Os dados apresentados pelo MPT são contundentes: entre 2019 e 2025, na unidade de Seberi, foram registrados 581 atestados médicos por transtornos mentais e comportamentais, sendo 233 por ansiedade generalizada e 55 por transtorno de pânico. Setores como Desossa e Abate concentram os maiores índices: só na linha do pernil, 55% dos trabalhadores apresentaram atestados por problemas psicológicos. Além disso, 88 benefícios previdenciários foram concedidos por transtornos mentais entre 2020 e 2025, cinco deles na modalidade acidentária, sem que a empresa emitisse qualquer Comunicação de Acidente de Trabalho (CAT). O custo para a Previdência Social ultrapassou R$ 675 mil, com mais de 13 mil dias de trabalho perdidos.
Conjunto de ACPs
A ação, ajuizada pelas procuradoras do Trabalho Priscila Dibi Schvarcz e Amanda Bessa Figueiredo e pelos procuradores Alexandre Marin Ragagnin e Pedro Guimarães Vieira, integra um conjunto de processos movidos pelo MPT contra a JBS/Seara após inspeção realizada em junho comprovar diversas irregularidades. Logo na sequência da ação fiscal, a empresa assinou um Termo de Ajuste de Conduta (TAC) emergencial cobrindo as situações que ofereciam riscos mais graves e iminentes à integridade física dos trabalhadores.

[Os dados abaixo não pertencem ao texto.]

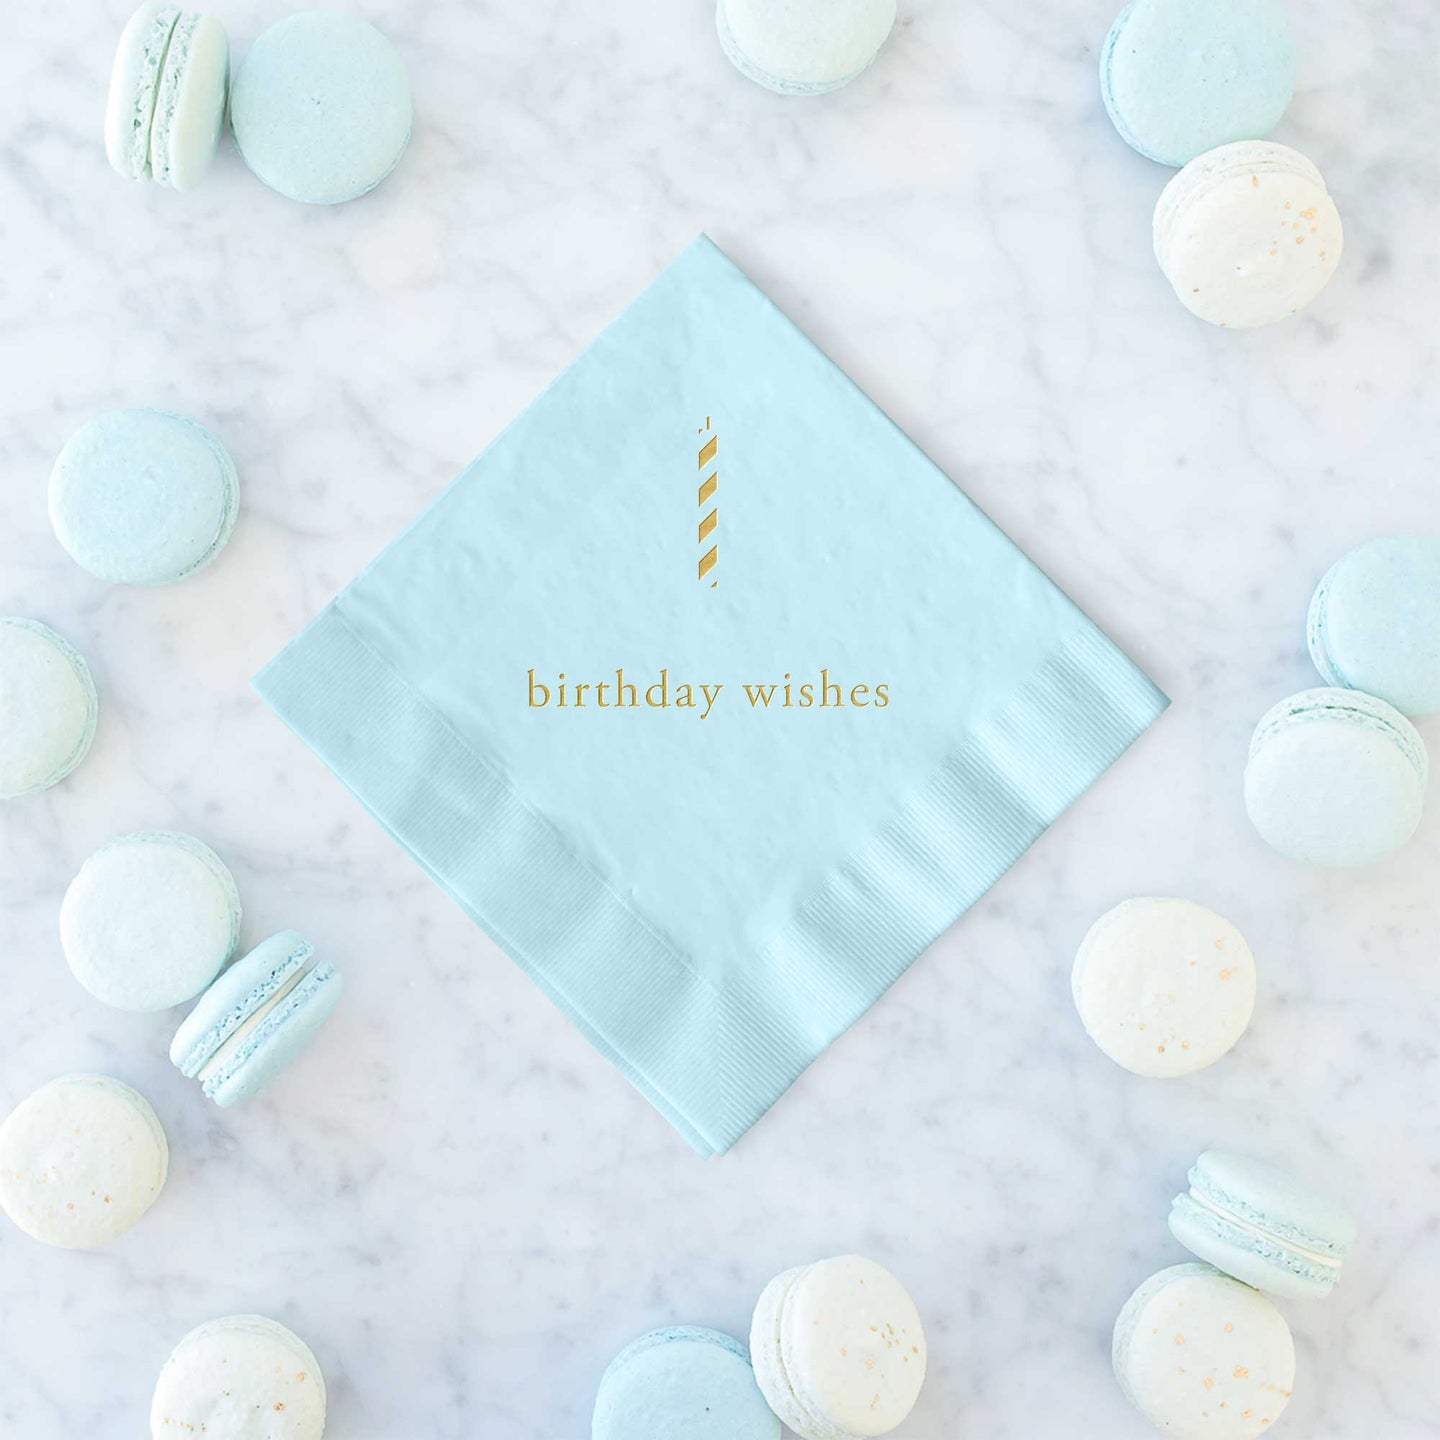 Birthday Wishes Napkins  - Set of 25 - Tea and Becky

Uma proposta de TAC mais abrangente, contemplando todas as irregularidades encontradas, foi apresentada à JBS/Seara, que recusou o acordo. Em consequência, o MPT apresentou uma série de ACPs para disciplinar diferentes conjuntos de violações. Essas ações já obtiveram liminares (algumas delas confirmadas pela rejeição de Mandados de Segurança impetrados pela JBS) promovendo garantias como: proteção contra ruído excessivo a gestantes, com realocação imediata de trabalhadoras expostas acima de 80 dB; privacidade nos vestiários, exigindo cabines/divisórias para troca de uniformes; regularização do prêmio assiduidade, vedando exclusão do benefício por faltas legalmente justificadas; garantia do direito à amamentação às trabalhadoras lactantes, com a obrigação de disponibilizar para o aleitamento local apropriado, e em horários compatíveis com a jornada; mudanças no sistema de recebimento de atestados médicos, dentre outras.
Normas
O direito ao trabalho seguro e saudável foi elevado a princípio fundamental pela Organização Internacional do Trabalho (OIT) em 2022, incluindo expressamente a proteção da saúde mental. Convenções como a nº 155, ratificada pelo Brasil, e a nº 187, que estabelece sistemas de gestão de segurança e saúde, exigem políticas que adaptem as condições de trabalho às capacidades físicas e mentais dos trabalhadores. A Convenção 190, por sua vez, trata da eliminação da violência e do assédio no mundo do trabalho, incluindo riscos psicossociais.
A Constituição Federal também assegura, no seu artigo 7º, a redução dos riscos inerentes ao trabalho, sem restringir sua natureza. O Ministério do Trabalho e Emprego, na recente portaria nº 1.419/2024, alterou a Norma Regulamentadora nº 1 (NR-01) para incluir expressamente fatores de risco psicossociais no gerenciamento de riscos ocupacionais, exigindo sua identificação, avaliação e prevenção. A Lista de Doenças Relacionadas ao Trabalho (LDRT), atualizada pelo Ministério da Saúde em 2023, também reconhece os riscos psicossociais como causas de adoecimento laboral.
Para o MPT, a decisão judicial reafirma que a gestão desses riscos não é opcional, mas um dever legal e constitucional.